ATTENTION! WARNING! WARNING! DANGER!

DO NOT mix 2 teaspoons of baking soda with your preworkout! This results in a handheld, explosive preworkout geyser that will drench everything within 20 feet of you with a stinky, eye burning, liquid mess. Ask me how I found this out.


----------



## BigBob (May 10, 2018)

Sully said:


> ATTENTION! WARNING! WARNING! DANGER!
> 
> DO NOT mix 2 teaspoons of baking soda with your preworkout! This results in a handheld, explosive preworkout geyser that will drench everything within 20 feet of you with a stinky, eye burning, liquid mess. Ask me how I found this out.


Come on do tell. I think I've got an idea!

Sent from my ONEPLUS A5010 using Tapatalk


----------



## Sully (May 11, 2018)

Cuz I did it this morning. Threw everything into a shaker bottle, closed the lid and started shaking. 10 seconds later the lid blew open, directly into my eyes, while I was standing in the middle of the living room! It continued to spew a pressurized stream of foamy preworkout for the next 15 seconds as I stumbled blindly into the kitchen, and finally tossed the bottle into the sink just as it emptied itself. 

It took me the better part of an hour to clean it all up. Everything is covered in a spray of preworkout. The carpet, the walls, the ceiling, the ceiling fans, the kitchen cabinets, every appliance in the kitchen, the hardwood floors, literally fucking everything got sprayed with it. The only way I could have made a bigger mess would have been to bring the garden hose into the house and spray everything down. It was like mixing Diet Coke and Mentos in your living room. 

Needless to say, I am not happy with myself.


----------



## BigBob (May 11, 2018)

Sully said:


> Cuz I did it this morning. Threw everything into a shaker bottle, closed the lid and started shaking. 10 seconds later the lid blew open, directly into my eyes, while I was standing in the middle of the living room! It continued to spew a pressurized stream of foamy preworkout for the next 15 seconds as I stumbled blindly into the kitchen, and finally tossed the bottle into the sink just as it emptied itself.
> 
> It took me the better part of an hour to clean it all up. Everything is covered in a spray of preworkout. The carpet, the walls, the ceiling, the ceiling fans, the kitchen cabinets, every appliance in the kitchen, the hardwood floors, literally fucking everything got sprayed with it. The only way I could have made a bigger mess would have been to bring the garden hose into the house and spray everything down. It was like mixing Diet Coke and Mentos in your living room.
> 
> Needless to say, I am not happy with myself.


Better than I imagined!

Sent from my ONEPLUS A5010 using Tapatalk


----------



## Sully (May 11, 2018)

I actually wish someone had been recording it, because it would for sure have gone viral. In hindsight, it was pretty hilarious.


----------



## Foxman101 (Jun 7, 2018)

So your mixing the baking soda with water and it’s helping with Gerd ? I’ve been using apple cider vinigar


----------



## Ironlion2 (Jun 8, 2018)

I was under the impression baking soda helped the absorption of creatine?


----------



## BigBob (Jun 8, 2018)

Foxman101 said:


> So your mixing the baking soda with water and it’s helping with Gerd ? I’ve been using apple cider vinigar


Either works depending on circumstances.
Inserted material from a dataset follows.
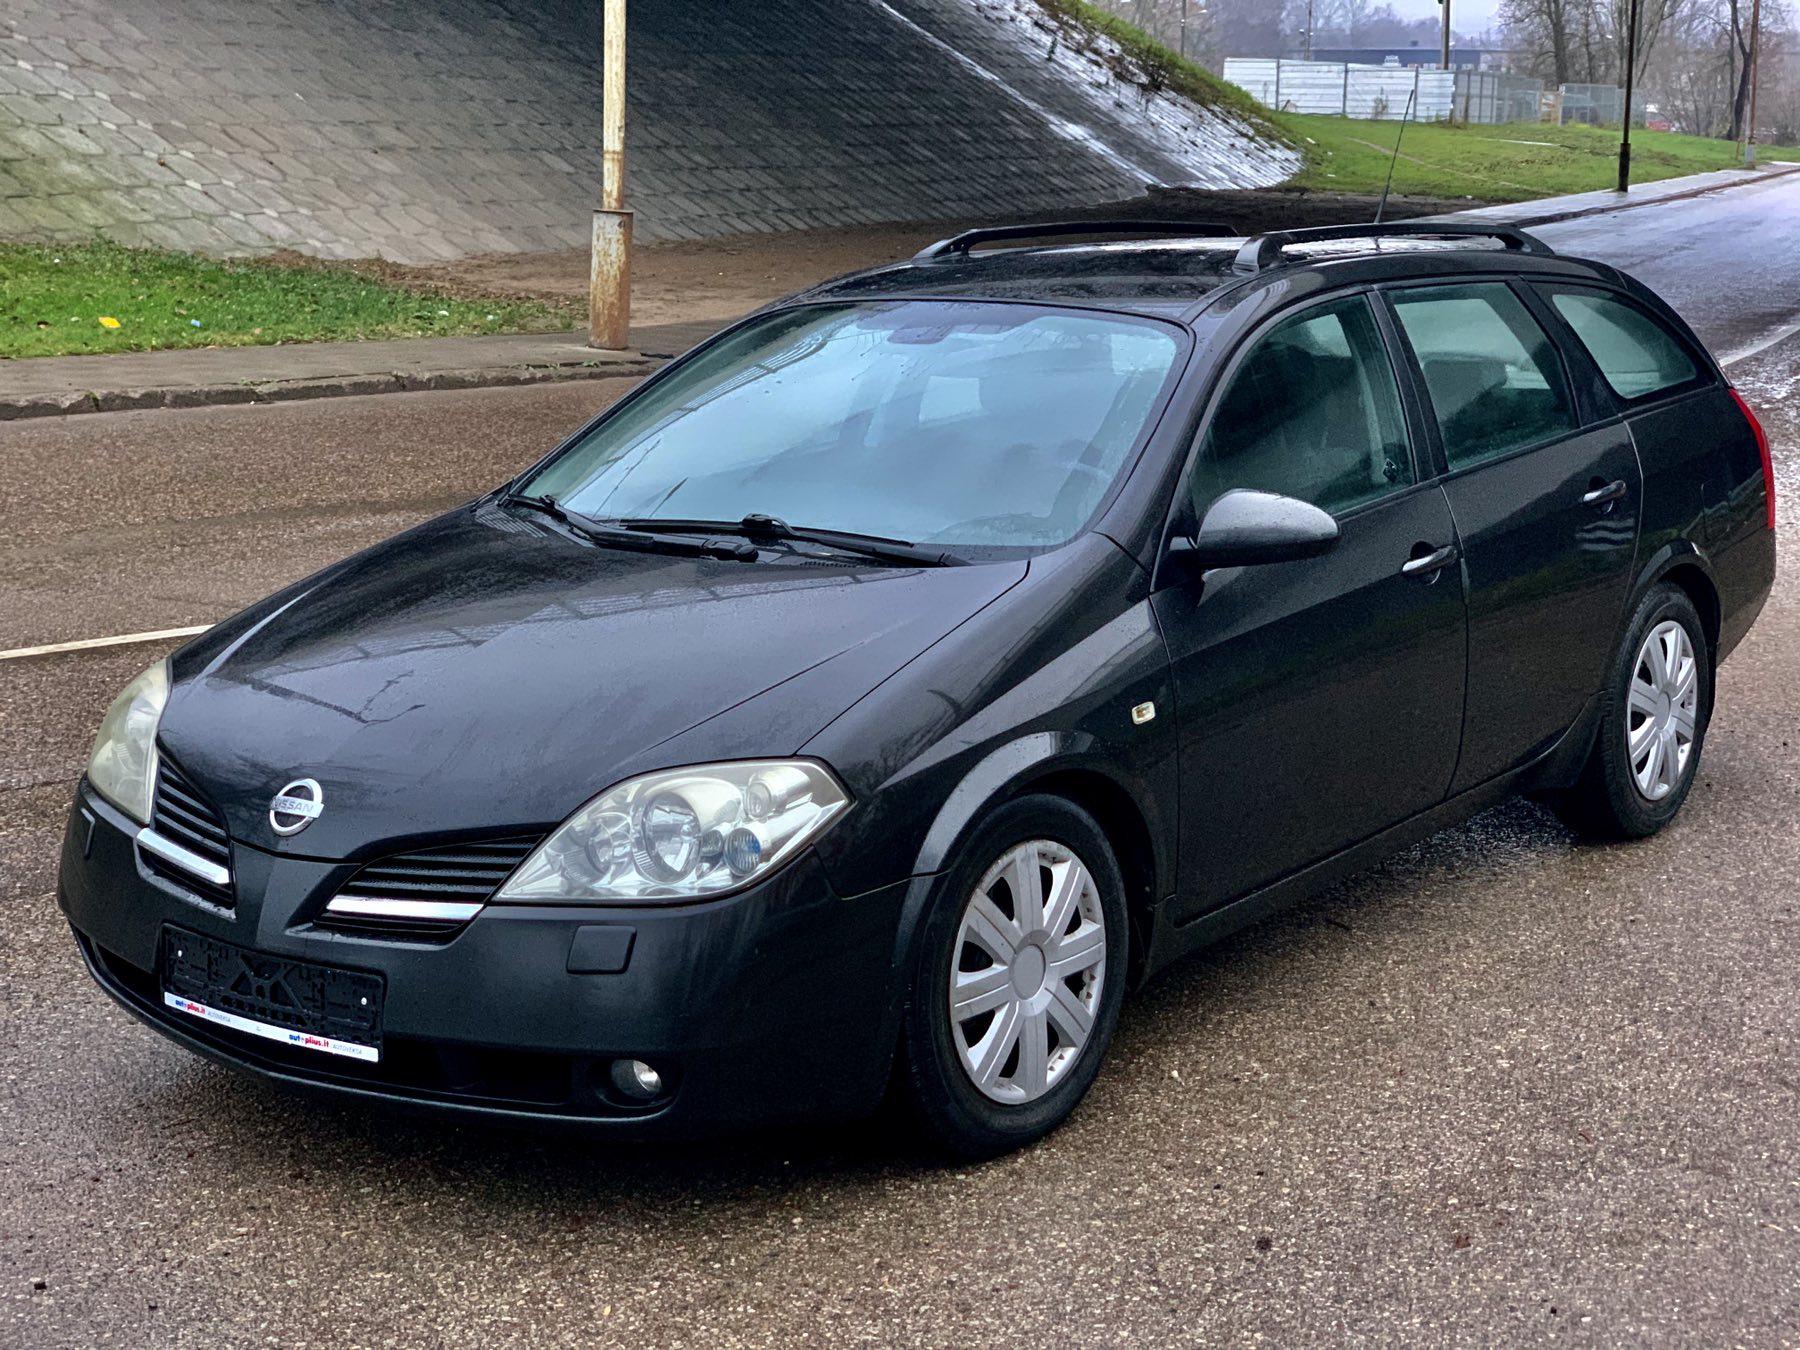 Nissan Primera, 2.2 l., universalas

Acv will cause the body to stop acid production. Baking soda will stop acid instantly but the body will make acid soon after. Baking soda is also a good anti inflammatory and great for the kidneys. 

Sent from my ONEPLUS A5010 using Tapatalk


----------



## Lon Chaney (Jun 8, 2018)

BigBob said:


> Baking soda is also a good anti inflammatory and great for the kidneys.




...just a wee amount though, don't overdo it. too much can create an imbalance known as metabolic alkalosis. according to the life extension July 2017mag article no optimal dosing for oral sodium bicarbonate has been established.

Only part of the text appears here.